(COLLECTED DATA Opens)

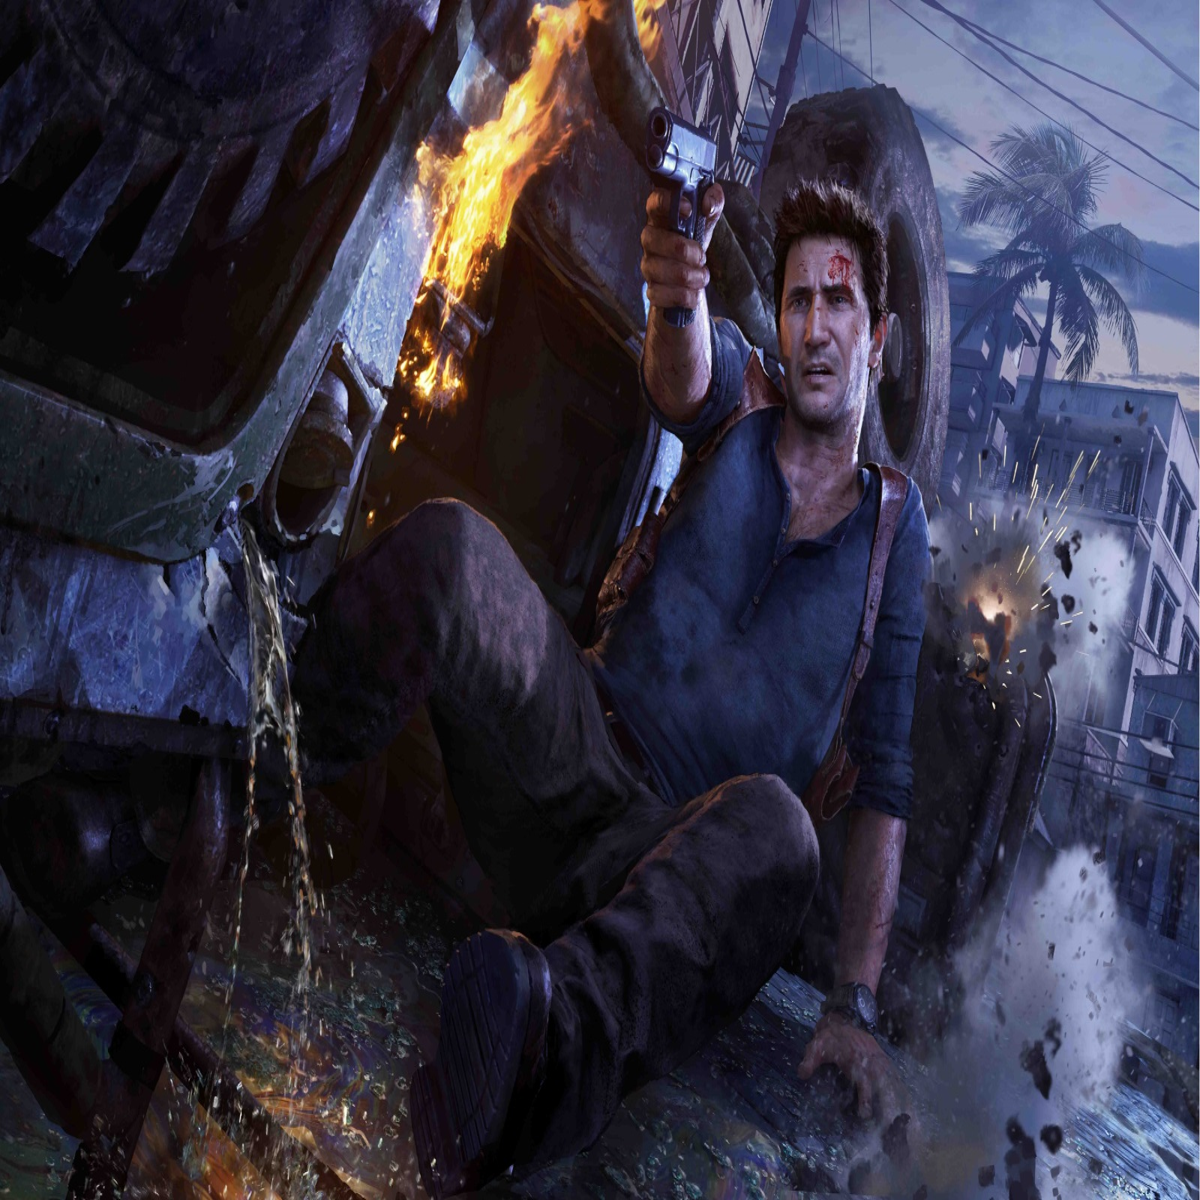 Uncharted 2 movie potential release date, cast and more
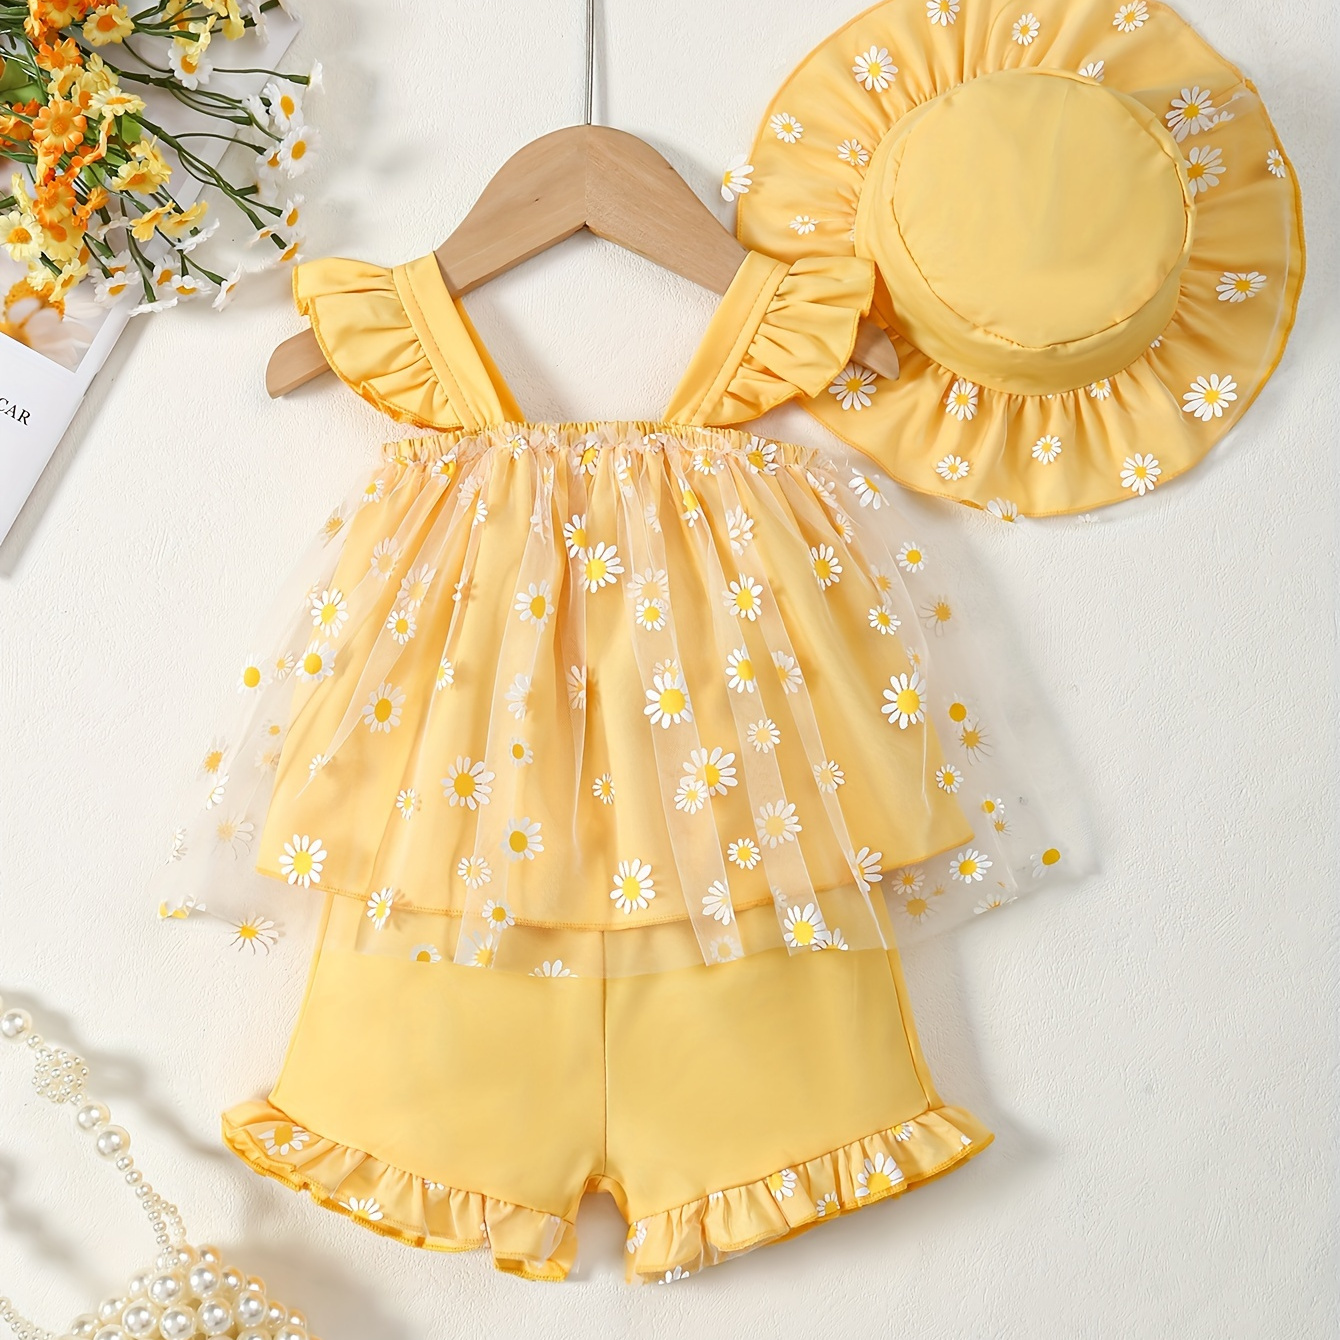 

Baby's Cartoon Daisy Print 2pcs Lovely Summer Outfit, Mesh Splicing Sleeveless Top & Hat & Ruffle Trim Shorts Set, Toddler & Infant Girl's Clothes For Daily/holiday, As Gift
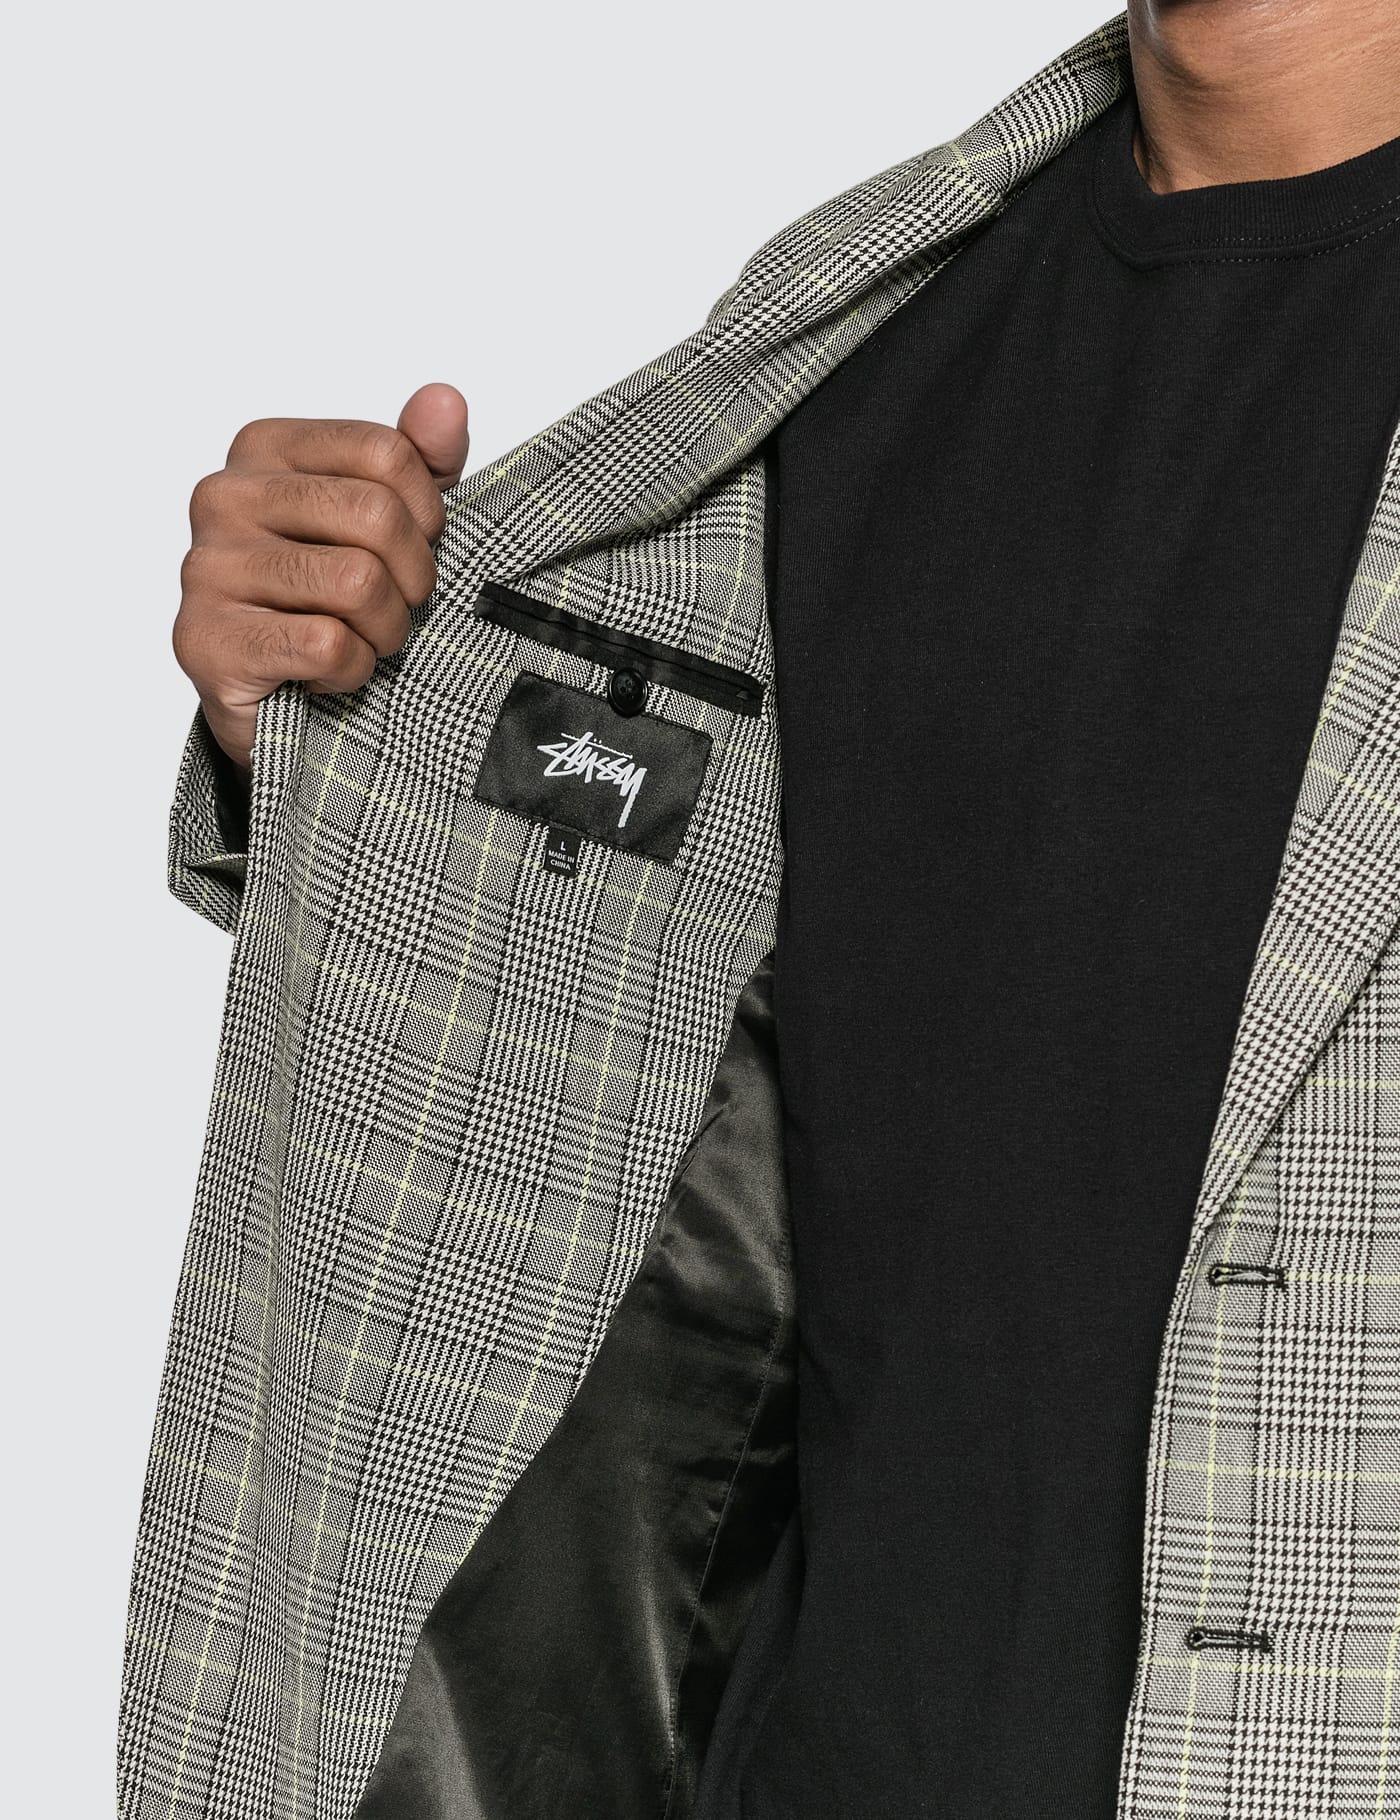 Stüssy - Sport Coat | HBX - Globally Curated Fashion and Lifestyle
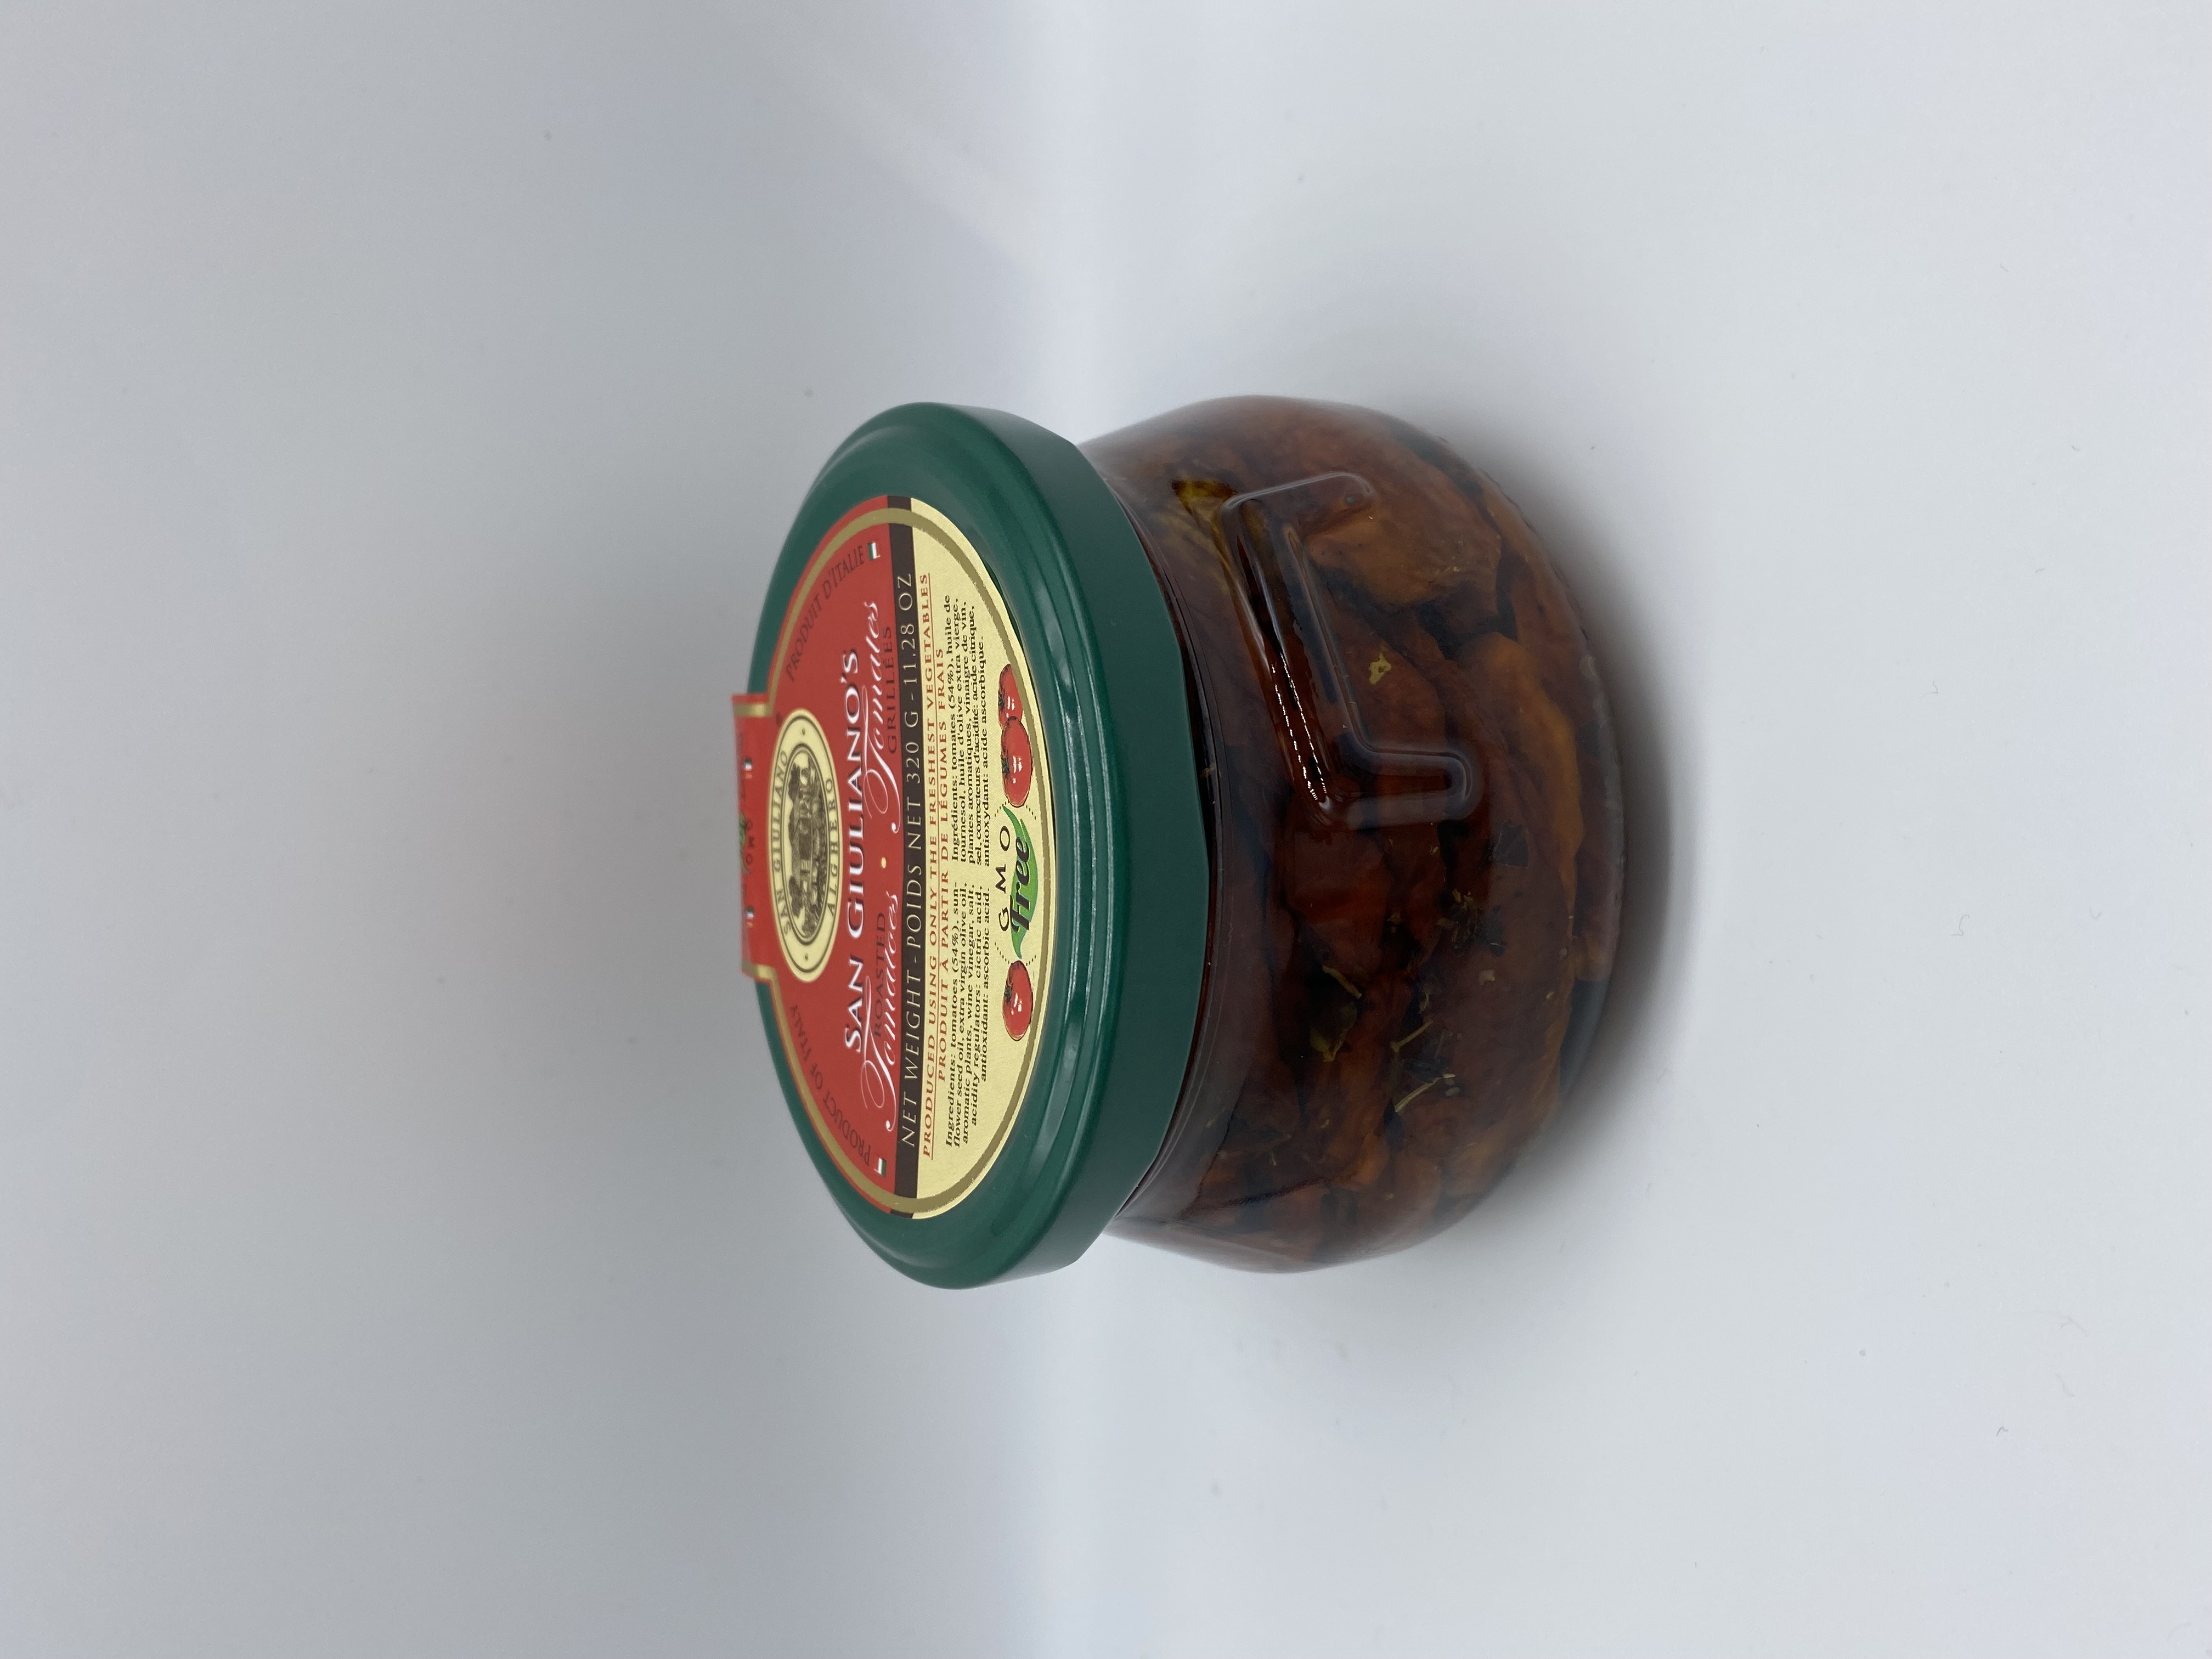 Product Image for Sundried Tomatoes

(COLLECTED DATA Closes)

DIRECTIONS FOR THIS TASK — The answer must repeat every line of the listing exactly and leave the pictures out.

TASK RESULT —
 Uncharted 2 movie potential release date, cast and more

Baby's Cartoon Daisy Print 2pcs Lovely Summer Outfit, Mesh Splicing Sleeveless Top & Hat & Ruffle Trim Shorts Set, Toddler & Infant Girl's Clothes For Daily/holiday, As Gift
 Stüssy - Sport Coat | HBX - Globally Curated Fashion and Lifestyle
 Product Image for Sundried Tomatoes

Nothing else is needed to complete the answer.